In-Line Service for Internal Inspection of Unpiggable Buried Oil Pipeleines Using Long Range Ultrasound Guided Waves in Fifty Metre Segments

PIGWaves

Find out more at http://www.pigwaves.eu/

This project has received funding from the European Union’s Seventh Framework Programme for research, technological development and demonstration under grant agreement no 315232

In-Line Service for Internal Inspection of Unpiggable Buried Oil Pipeleines Using Long Range Ultrasound Guided Waves in Fifty Metre Segments

The PIGWaves project targets at developing an in-service pipe inspection tool capable of inspecting both piggable and currently unpiggable oil pipelines of steel construction and internal diameter 150-350mm that provides 100% volume inspection for features such as hard spots, stress corrosion cracking, corrosion and erosion. Long Range Ultrasound Guided Waves (LRUG) will be employed by the robot in order to produce a map of the circumferential and axial pipe corrosion and cracks. Moreover, total volume inspection of the pipeline will be achieved far more rapidly, accurately and cheaply than state-of-the-art magnetic and ultrasonic pigs. After project ends the system will be scaled up to inspect pipelines of diameters 500-1000mm.

The PIGWaves system will comprise of a robot that will be capable of working in pipelines that carry liquids, and particularly oil. The PIGWaves robot will float down the pipeline in a non-inspecting mode. Every 50m it will expand a flexible probe collar to lock itself to the circumference of the pipe.

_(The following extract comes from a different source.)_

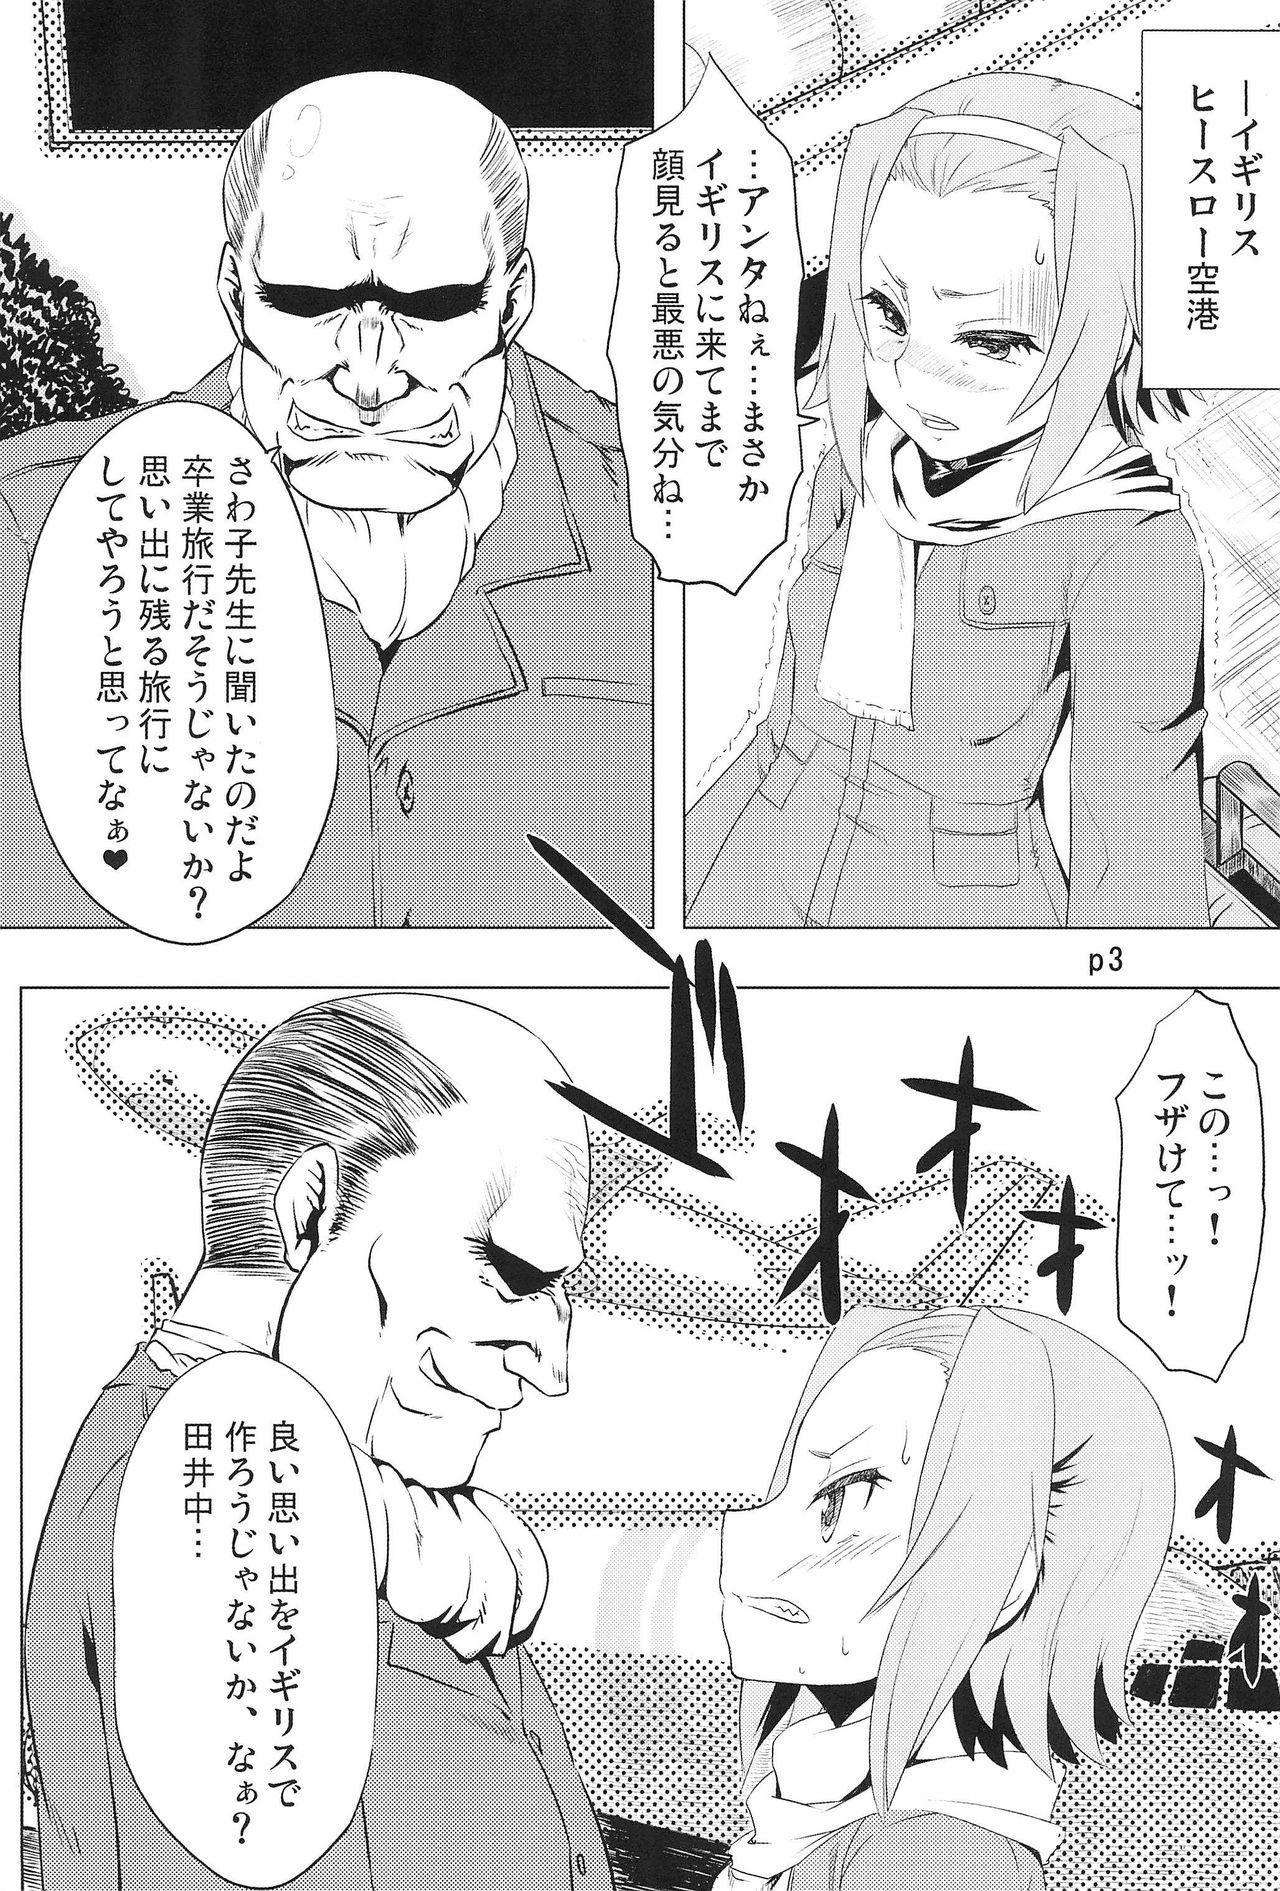 R.O.T 4 Ritsu-chan wa Ookata no Yosoudoori Chinpo ni wa Katenakatta yo... 2

The collar will employ Long Range Ultrasound Guided waves technology (LRUG) to inspect a pipe segment of 50m in both directions. It will then retract the collar and move another 50m before inspecting the next 50m. The robot will communicate with base station at entry point to send NDT data and locate the position of the robot. The robotic system will be designed to float freely past dents, sharp bends, debris, valves and changing pipe diameters. Moreover, in the presence of no flow at the pipe, the robot will actively swim past these obstructions.

The aim is to perform total volume inspection far more rapidly and accurately than current methods of ultrasonic NDT inspection. In the field of pipeline inspection LRUG presents the benefit that the probes would only need to be adjusted every 50m, the typical attainable propagation range of LRUG in pipelines, thus making the adaptation more feasible.